Generell bringt Ubuntu viele Softwarepakete mit der Grundinstallation mit. In der Grundinstallation unteranderem folgende Programme enthalten:

  • Open Office – ein Programm wie Mircosoftoffice welches ein Textprogramm wie Word, ein Tabellenprogramm wie Excel, ein Präsentationsprogramm wie Powerpoint und ein Datenbankprogramm wie Access enthält
  • Evolution – ein Emailprogramm mit Kalenderfunktion wir man es von MS Outlook kennt
  • Firefox – der bekannte Webbrowser
  • Pidgin, ein Messenger der vielen Protokolle wie ICQ und MSN beinhaltet
  • Gimp – ein Bildbearbeitungsprogramm welches mit Paint.net vergleichbar ist
  • Totem Videoplayer – mit dem Windows Media Player vergleichbar
  • und viele mehr

Um Ubuntu jedoch zum vollwertigen Windowsersatz zu machen, muss man einige Programme zusätzlich installieren, welche alle über den Paketmanager oder unter Anwendungen->Hinzufügen/Entfernen verfügbar sind. WICHTIG: Um zusätzliche Installationen zu machen, muss eine Internetverbindung bestehen, da die aktuellsten Softwarepakete direkt aus dem Netz geladen und installiert werden. Es sei denn Ihr besitzt eine DVD mit der aktuellsten Version!

Musik und Video

Um Ubuntu zum vollwertigen Media-Betriebssystem zu machen müssen unteranderem ein paar Codecs installiert werden, da diese (wie z.B. der MP3 Codec) nicht in der Grundinstallation enthalten sind. Hierzu installiert Ihr folgendes:

GStreamer ffmeg video plugin – ermöglicht euch das hören von MP3s, WMV Dateien, MPEG Dateien und viele mehr

Audacious – ein Player mit Winamp zu vergleichen

Amarok – ein genialler Player der iTunes von Apple ähnlich ist. Hier habt Ihr unteranderem eine Mediencollection, welche den PC nach allen Musikstücken automatisch scannet und zum Wiedergeben anzeigt. Außerdem steht euch die Funktion des Podcastempfangs zur Verfügung und bei bestehender Internetverbindung wird zu jedem Titel / Interpreten unter „Context“ Informationen zum Interpreten von Wikipedia geladen. Habt Ihr außerdem K3B installiert, könnt Ihr eure Musiksammlung direkt brennen.

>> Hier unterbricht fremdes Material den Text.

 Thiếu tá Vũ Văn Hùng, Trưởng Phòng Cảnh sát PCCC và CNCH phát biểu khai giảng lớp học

K3B – ein Brennprogramm wie Nero

Internet & Email

Um das Internet gut zu nutzen, solltet Ihr folgende Programme installieren:

Skype – VoIP Software, welche auch als Messenger genutzt werden kann. Videotelefonie ist auch möglich. Skype ist nicht in den Paketquellen enthalten, kann aber hier runtergeladen werden. Nach dem Download könnt Ihr Skype über den Paketmanager installieren.

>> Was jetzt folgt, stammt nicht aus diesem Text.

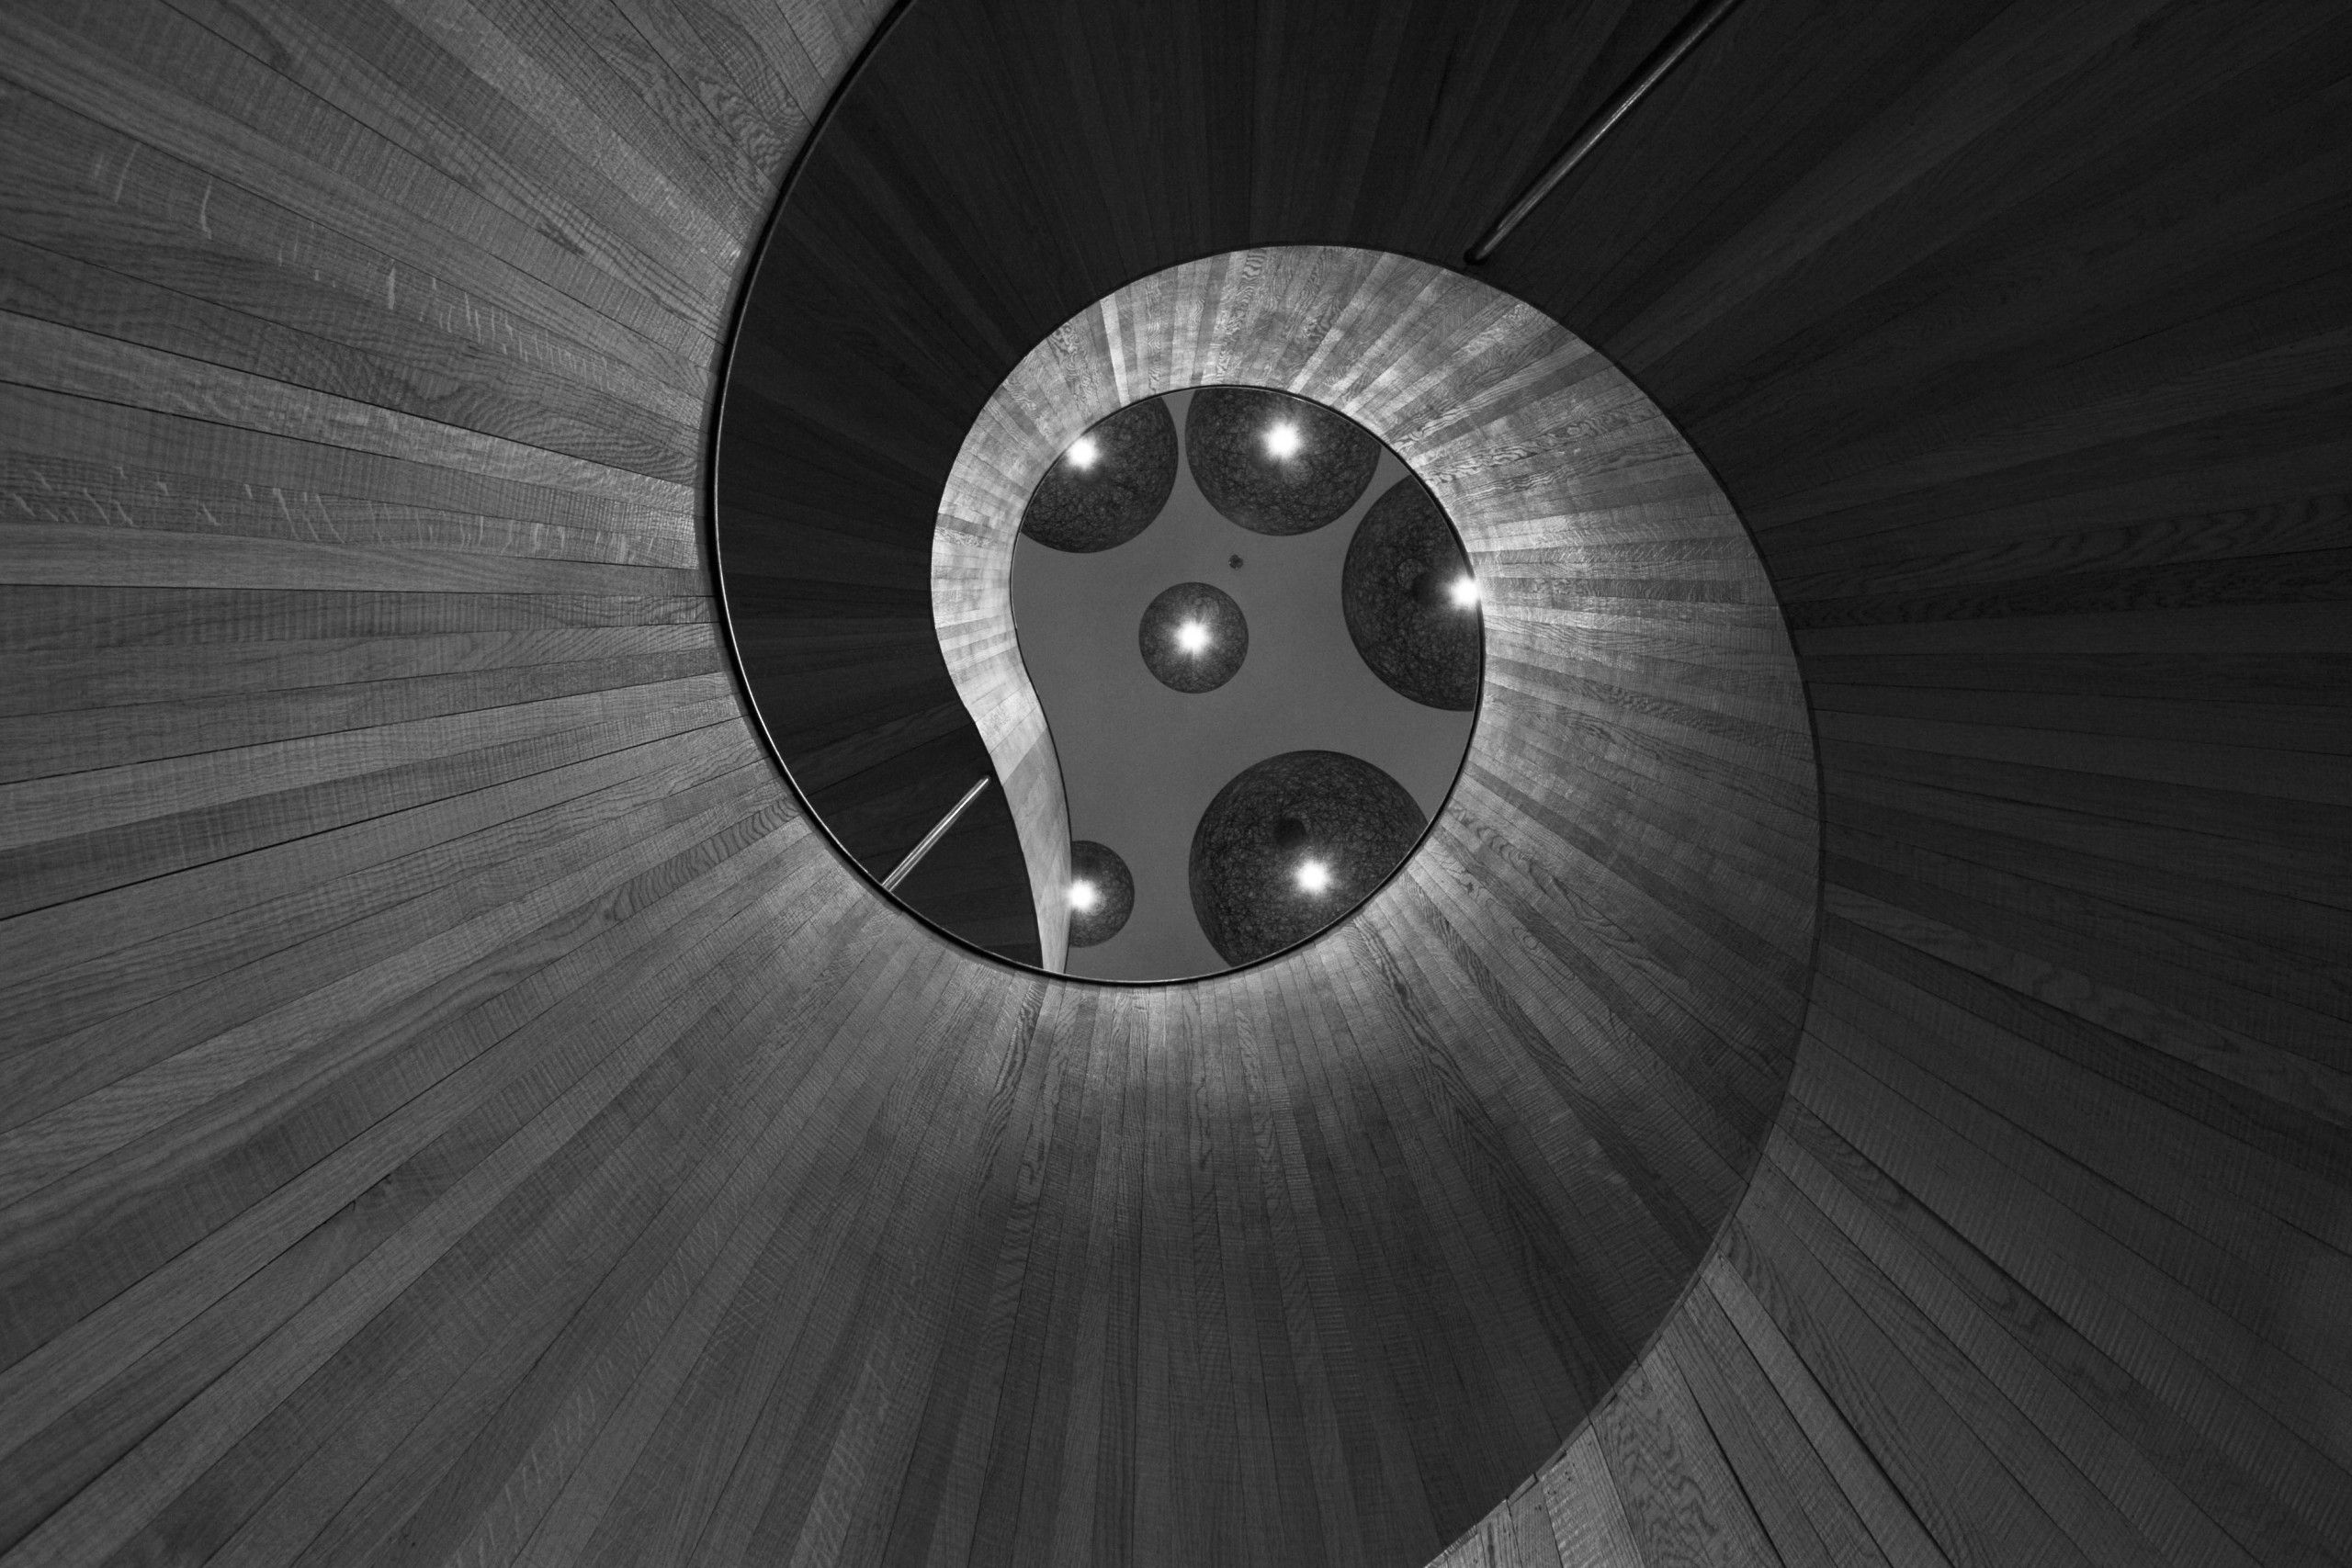 Spiral Stair Case by Matthew Walker

Thunderbird – meiner Meinung nach besser als Evolution. Thunderbird ist ebenfalls ein Emailprogramm welches in den Paketquellen vorhanden ist. Thunderbird liefert über die Website viele nützliche Add-Ons.

Macromedia Flash Plugin – um die Darstellung von Internetseiten zu optimieren bzw. bei Seiten mit Flash Plugins die Darstellung zu ermöglichen.

Desktop & Grafik

Um Ubuntu’s grafische Oberfläsche optimal zu konfigurieren, solltet Ihr folgende Programme installieren

Advanced Desktop Effect Settings – dieses Programm macht Ubuntu aus grafischer Sicht zum vollwärtigen Vistaersatz. Siehe diverse Ubuntu Video’s auf YouTube.

Art Manager – mit diesem hilfreichen Programm könnt Ihr leicht Hindergründe, Ordnerlayouts und viele andere Bilder zum tunen von Ubuntu runterladen und installieren

Splash Screen – damit könnt Ihr den Ladebildschirm zwischen der Anmeldung und dem Dektop (nach dem System hochgefahren ist) grafisch optimieren.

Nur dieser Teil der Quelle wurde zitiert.